It began almost three decades ago without problem for decades, but now will end up in court.
It was 1991 when Lorne Grabher bought a so-called “vanity” licence plate bearing the family name as a gift for his father’s car.
Vanity plates are vehicle licence plates that can have a personalized message instead of the assigned government issued number and letter combination, and for which a person pays an additional fee.
When Lorne’s father passed away, Lorne kept the “GRABHER” plate for himself.
For 27 years all was well, until recently when someone made a single complaint to the Nova Scotia Registry of Vehicles (Registrar) saying the plate promoted violence against women.
As a result Lorne received a note from the Registrar saying his plate was being withdrawn as of January this year.
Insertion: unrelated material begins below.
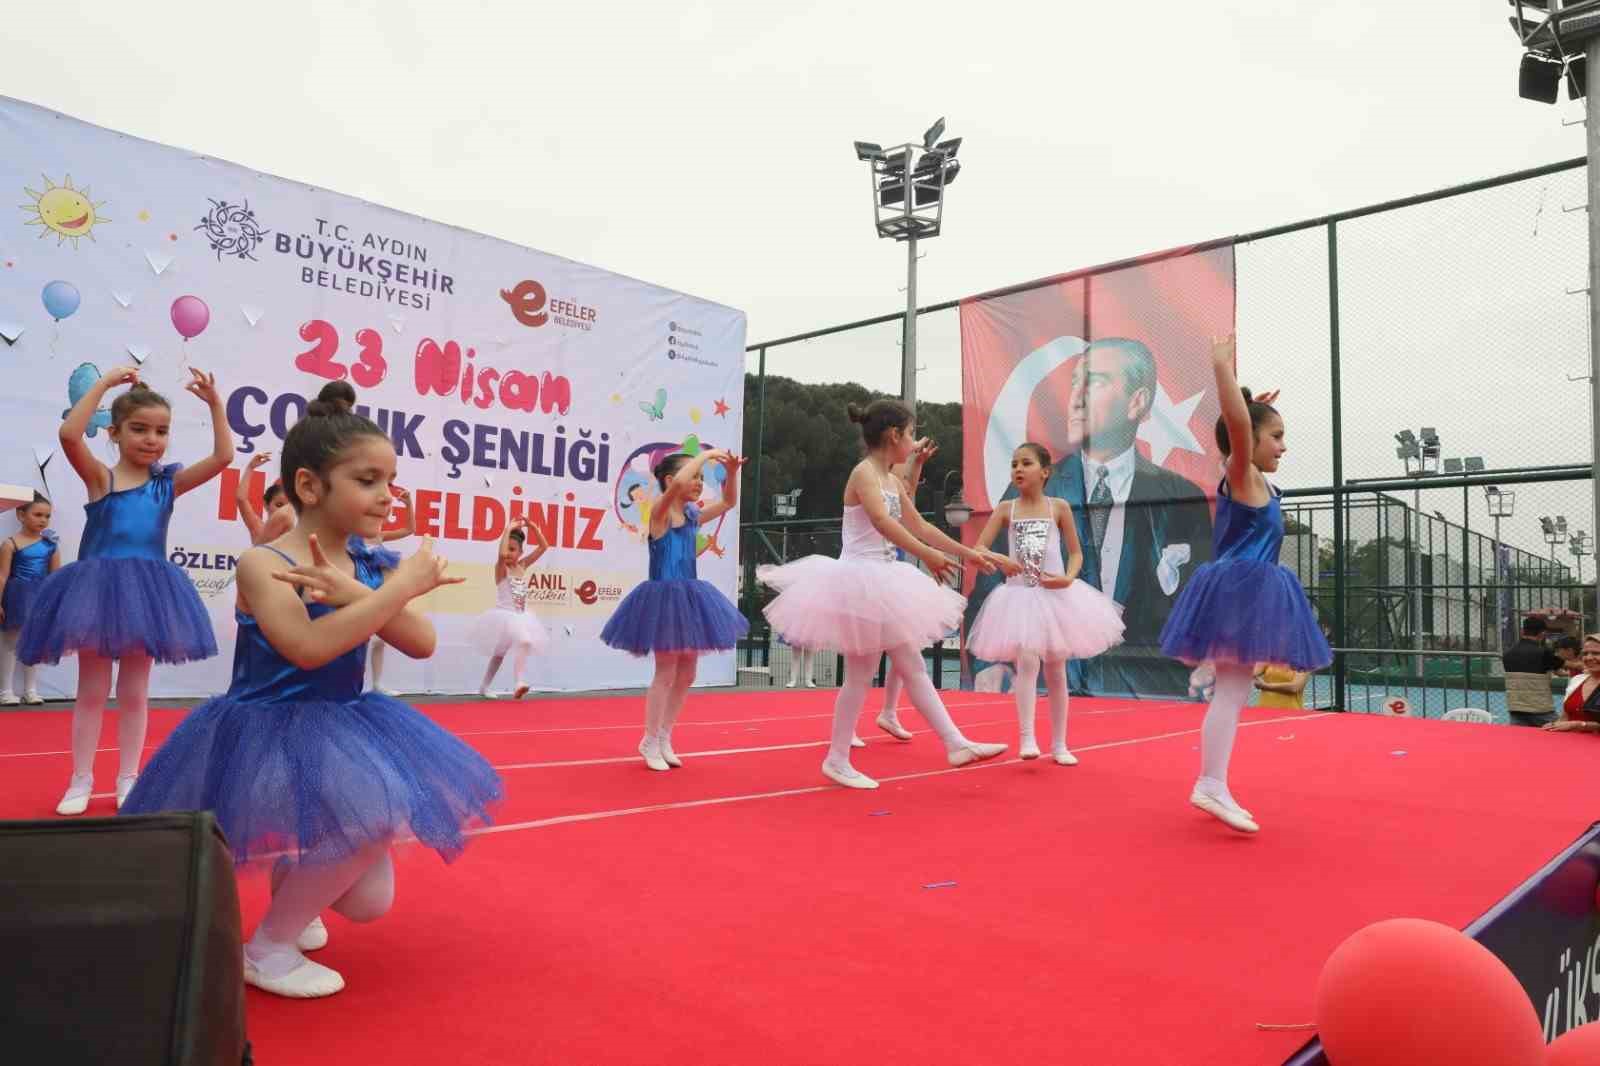 Aydın Büyükşehir Belediyesi 23 Nisan’ı şenliklerle kutladı

The Registrar said the public couldn’t know it was the family name and so could can misinterpret it as a “socially unacceptable slogan”.
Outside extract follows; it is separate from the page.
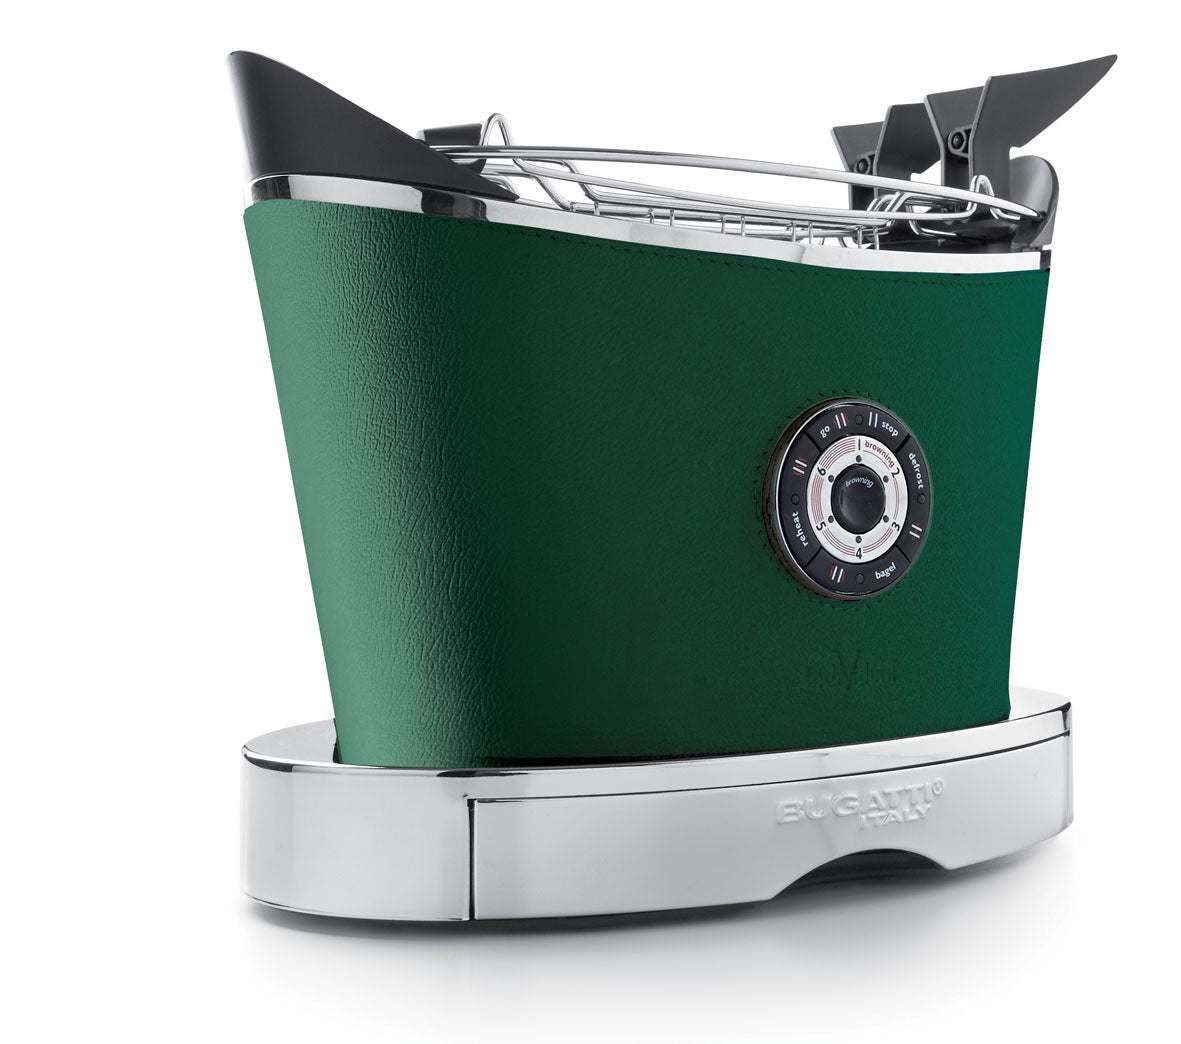 BUGATTI Volo elektrischer Toaster aus Stahl mit grüner Lederpolsterung

The Justice Centre for Constitutional Freedoms (JCCF) became involved trying to get the matter resolved out of court and asking the Registrar to re-instate the licence plate
As that was denied the JCCF on Mr Grabher’s behalf has now applied to the Supreme Court of Nova Scotia, not for monetary damages, but merely seeking the reinstatement of the plate.
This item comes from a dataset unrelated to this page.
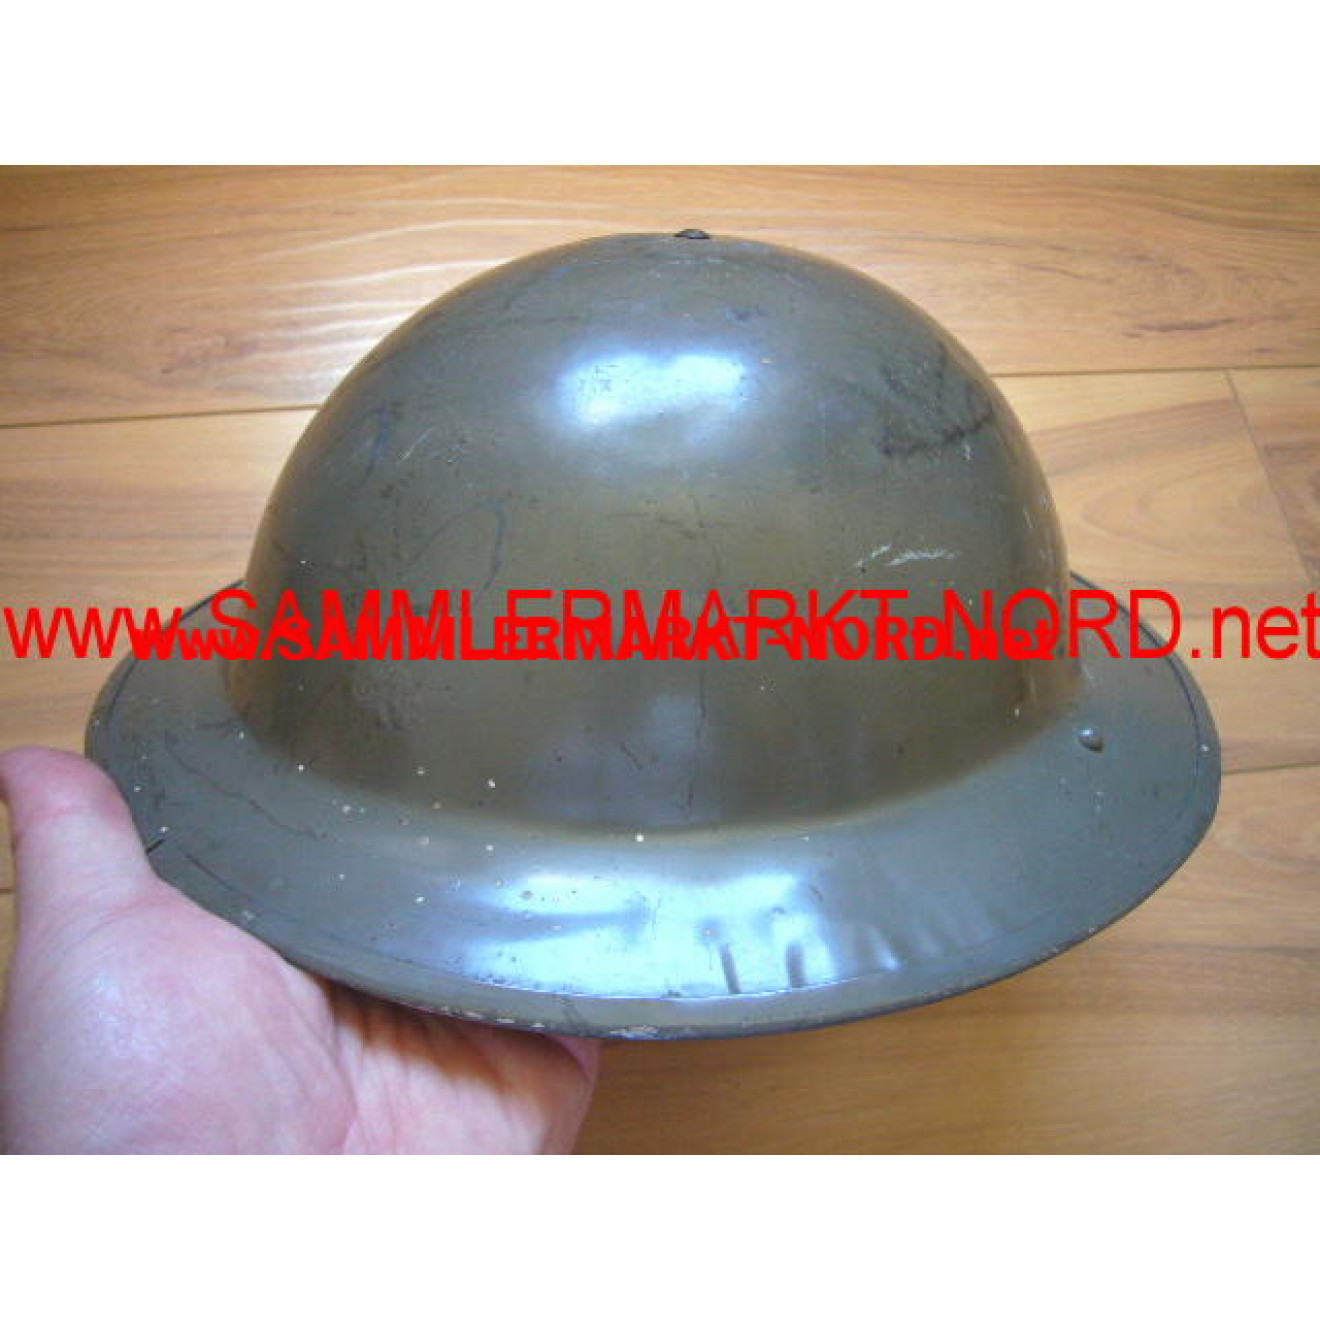 English steel helmet (1941)

In his court application, Lorne Grabher seeks a declaration that the decision to revoke his licence plate violates his Charter section 2(b) right to freedom of expression, as well as his section 15 equality rights, and was furthermore “arbitrary, unreasonable, based on irrelevant considerations, an abuse of authority, a denial of procedural fairness, and otherwise invalid.”
“Mr. Grabher and his family were, and remain, deeply offended and humiliated by the cancellation of the plate, and the Respondent’s ongoing insult to their heritage and family name,” (JCCF application to N.S. court)
The application states in part that the Nova Scotia Registrar’s action violates his Charter section 2(b) right to freedom of expression, as well as his section 15 equality rights, and was furthermore “arbitrary, unreasonable, based on irrelevant considerations, an abuse of authority, a denial of procedural fairness, and otherwise invalid.”
In addition to the court action, the JCCF is getting 10 x 23 cm bumper stickers (@ $5 ea) made in support of Mr Grabher which will be sold to help defray court costs.
It should be noted that Mr Grabher’s son , Troy, who lives in the western prairie province of Alberta also has a personalized licence plate “Grabher”, which so far has not had any complaints.